In the Wild Light
- First edition hardcover image of In the Wild Light by Jeff Zentner
- Author: Jeff Zentner
- Language: English
- Genre: Romance novel, Bildungsroman
- Publisher: Crown Books for Young Readers
- Publication date: August 10, 2021
- Pages: 432
- Award: Amelia Elizabeth Walden Award
- ISBN: 978-1-524-72024-7

= In the Wild Light =

2021 young adult novel by Jeff Zentner

In the Wild Light is a 2021 coming-of-age novel by award-winning American author Jeff Zentner. In 2022, In the Wild Light won the Amelia Elizabeth Walden Award for young adult novels. It was also in the 2021 Cybils Young Adult fiction finalists, the 2021 AML award Young Adult Novel finalists, and the 2021 Earphone Award for its audiobook read by Michael Crouch. The Young Adult Library Services Association listed it in the Top Ten Best Fiction for Young Adults in 2022. The novel is described as a spiritual sequel to his previous award-winning book The Serpent King.

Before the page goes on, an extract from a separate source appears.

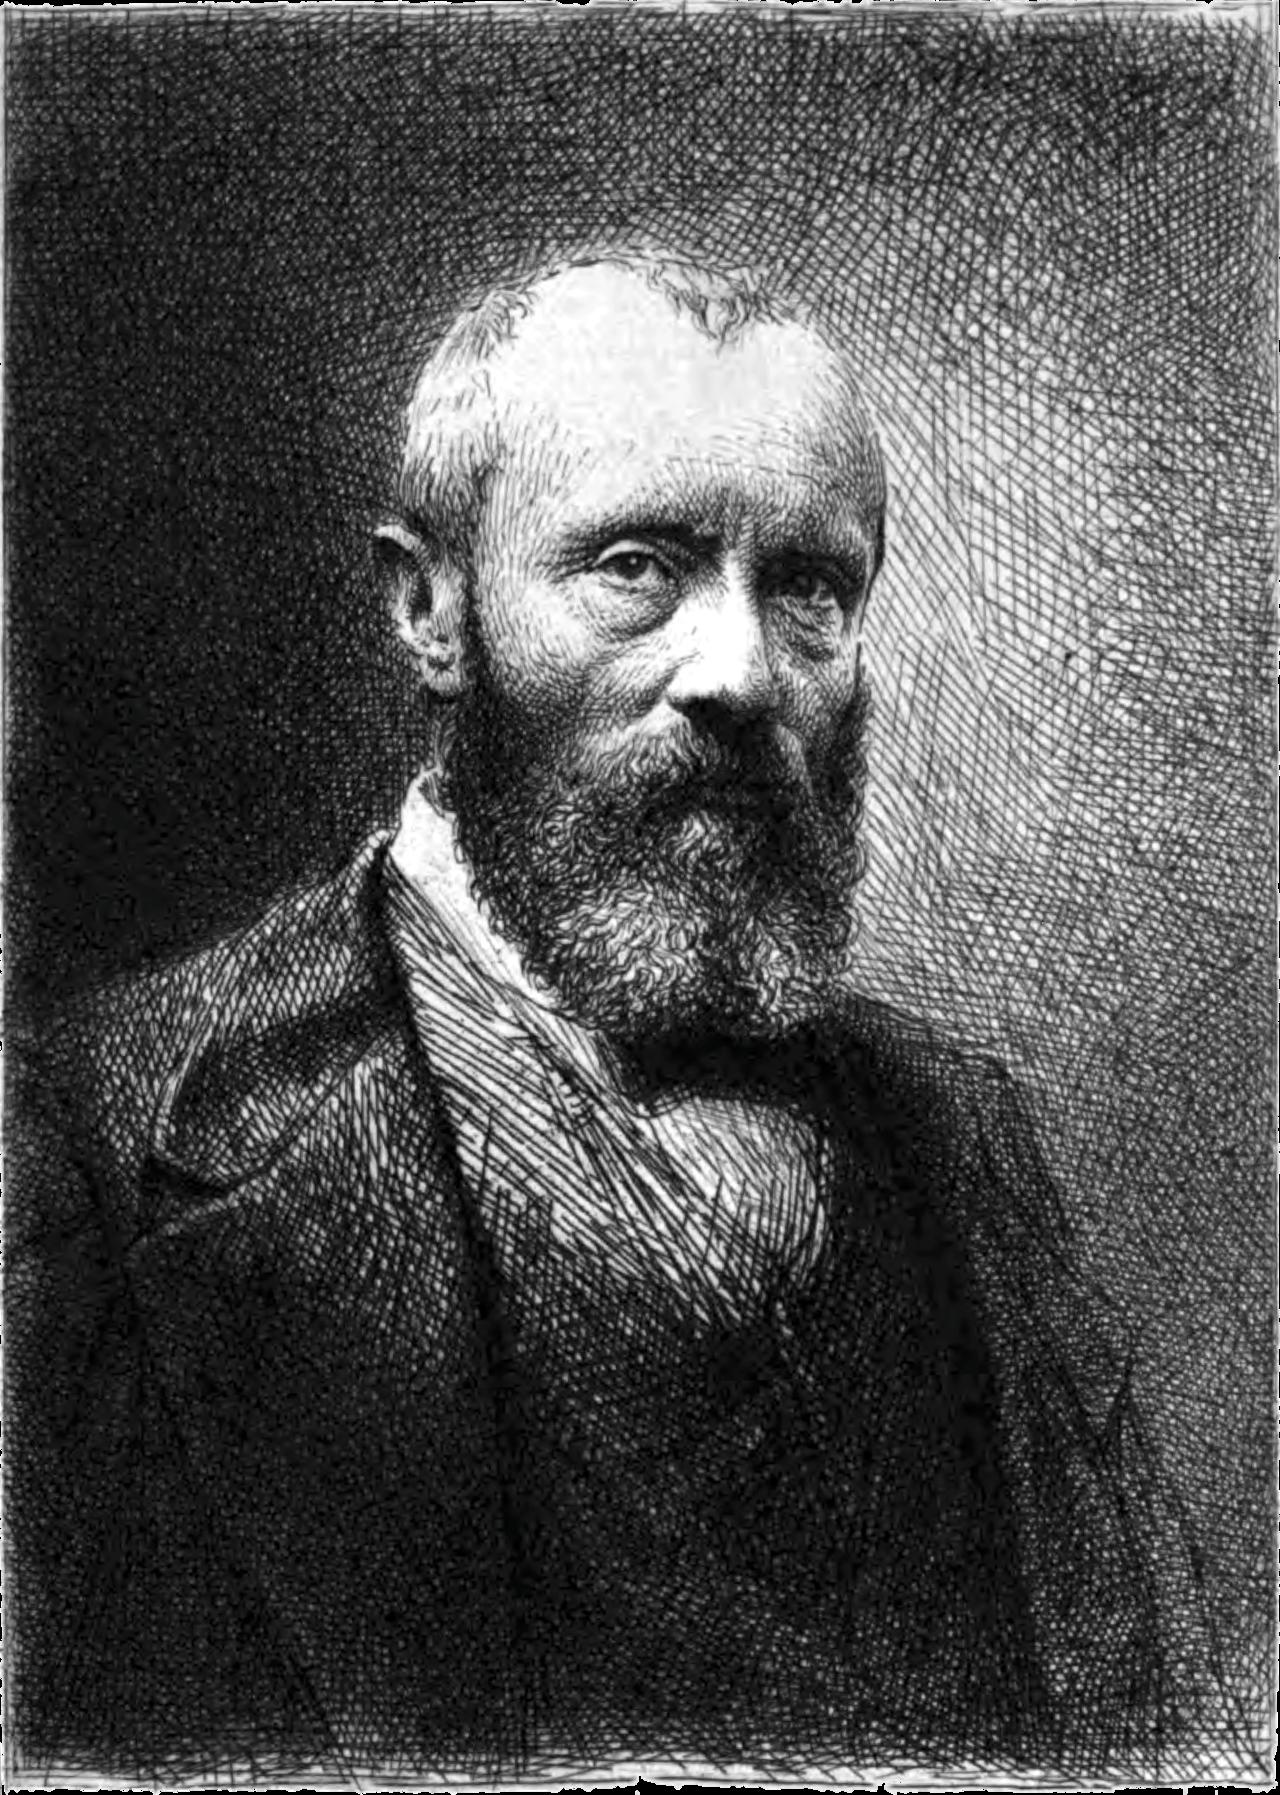 Engraving of Théophile Thoré-Bürger (1807-1869), French art critic

The writing of this book, including writing poetry the characters write and reflect on, consequently inspired Zentner to write a novel of verse Sunrise Nights with author Brittany Cavallaro who has a M.F.A in poetry from the University of Wisconsin-Madison.

== Plot Summary ==
Cash Pruitt and Delaney Doyle are in their sophomore year of high school and residents of Sawyer, Tennessee. Delaney, an early science prodigy, discovers mold that feeds on antibiotic-resistant bacteria in a local cave, and is offered a full-ride scholarship to the prestigious Middleford Academy in Connecticut. They are best friends, bonded through love and loss, but once Delaney leaves their small world, it is up to Cash to follow her somewhere new and care for the old town they're leaving while writing his own story.

== Story ==
After Delaney and Cash go canoeing on a river, they find mold in a cave and take samples. Delaney goes to the lab at her school, tests it, ans she identifies it can kill antibiotic-resisting bacteria. The mold is named after her: Pennicilium delanum. As she gains fame she gets an offer from a boarding school called Middleford Academy in New Canaan, Connecticut. She only accepts when it also offers Cash the same scholarship. For him, he struggles to leave his roots, eventually deciding himself after a talk with his grandparents and his Aunt Betsy. They both have to repeat sophomore year which they were told often happened.

As the school year begins, he is scared to disappoint his grandparents and does not want to let them down. Delaney thrives, but Cash feels succumbed by the amount of work every day. He becomes friends with Alex and Viviani. He joins the crew and due to Dr. Adkins, his poetry teacher, he discovers that he has a talent for writing. It brings him solace and after his grandfather's death, he takes refuge in his notebook.

Cash takes the first flight to Knoxville and goes to the hospital where his grandfather is being held. That evening Delaney rushes in with a jar of Pennicilium delanum to try to save him, but a security guard and the doctor holds her back. A few hours later, he dies. The next day, Cash, Delaney and Cash's grandmother canoe down the river next to their town and scatter Cash's grandfather's ashes. The next day, the two friends return to Middleford. The next few months pass mournfully as he struggles with school.

One day, Cash discovers a girl unconscious in his room with his roommate Tripp attempting to sexually assault her. Cash attempts to report this but gets knocked against a wall and is taken to the hospital. Delaney comes to see him and tells him she had always been in love with him. He understands that he also was and they kiss. After that, the head of the school - Dr. Archampong - comes in and tells Cash that he is not expelled as he thought he would be but instead he is appreciated by the school for his act of courage.